Implementation of BST
Hopefully I've done a pretty good job in explaining what a BST is, and now let's shift our focus to implementing one. Implementing a BST is actually pretty simple and short, it requires 2 functions, one function is to create a node, and the other function is to set the the start of the tree or the root node. Let's first start off with creating a node.
function Node(data, left = null, right = null) { this.data = data; this.left = left; this.right = right; }
As I've mentioned previously, a node has 3 properties, the value or data, a left branch and a right branch. The left and right branch values will have a reference to another node. If it doesn't have a reference to any other nodes, then by default, it should be set to null. That is all for the Node function. The function to set the root node is even simpler.
function BST() { this.root = null; }
That is all for the function to set the root node. This function is where it all starts, to begin the construction of the tree. Once you have created this two functions, congratulations! You have created your first BST. But you may be wondering what do I do from there? Well, let's recreated the BST image example above with these functions.
Constructing BST
The process I'm about to show you is going to be pretty long and tedious and there is a more efficient and better way of doing it, but let's stick with it. It'll really help you conceptualize the whole paradigm of a BST, and once you understand it, we can then start going over the more advanced topics.

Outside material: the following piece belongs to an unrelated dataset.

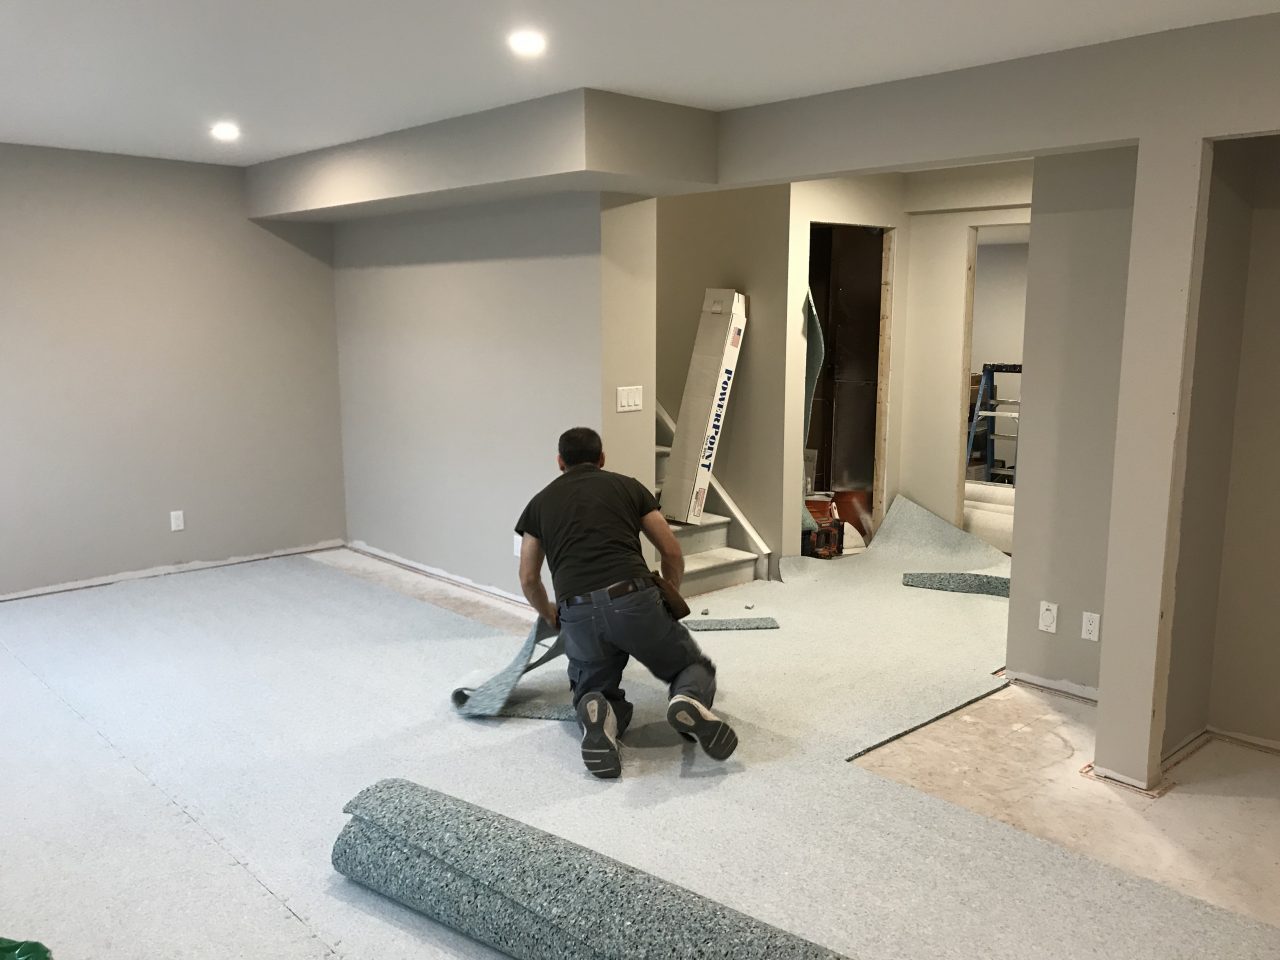 carpet-installation

So let's start off first by creating a new BST.
const bst = new BST();
This will be the start of our tree, we need to assign it a root node, but since we haven't created any nodes yet, we can skip the assignment for now. Instead let us now focus on creating the nodes. There are a total of 7 nodes in the diagram above, so let's create all 7 of them.
const node12 = new Node(12); const node8 = new Node(8); const node17 = new Node(17); const node5 = new Node(5); const node10 = new Node(10); const node15 = new Node(15); const node19 = new Node(19);
These are the 7 nodes from the example BST image above. We haven't assigned the left and right branch values just yet because the goal is to first create the nodes, and then start assigning values. Remember, a left and right branch value will have reference to another node, so we will be assigning the nodes created to each other. Let's first assign the root node and then go from there by following the diagram.
bst.root = node12; node12.left = node8; node12.right = node17; node8.left = node5; node8.right = node10; node17.left = node15; node17.right = node19;
That is all, we have fully implemented the example BST above. If you console.log the bst variable, you should see the coded up version of the structure of the BST, where it displays the data, left and right values of all the nodes.
Insertion Function
Creating and assigning nodes like we've done in the previous section is repetitive and tedious especially for larger trees. Let's automate that whole process by creating an algorithm to make it much more efficient.
Completed
Hopefully this post helped you understand what a BST is and how to implement one. This is all just a quick basic, but it may not be enough to really grasp it. There are a few important algorithms that you need to know to really help you grasp this data structure. The first being the insert function, which basically inserts a node to the tree, and the other 4 (yes, four) are traversals. These traversals are the pre-order, in-order, post-order, and level order traversals. I will be going over all these algorithms in later posts. But all in all I really do hope this post helped you with the core basics.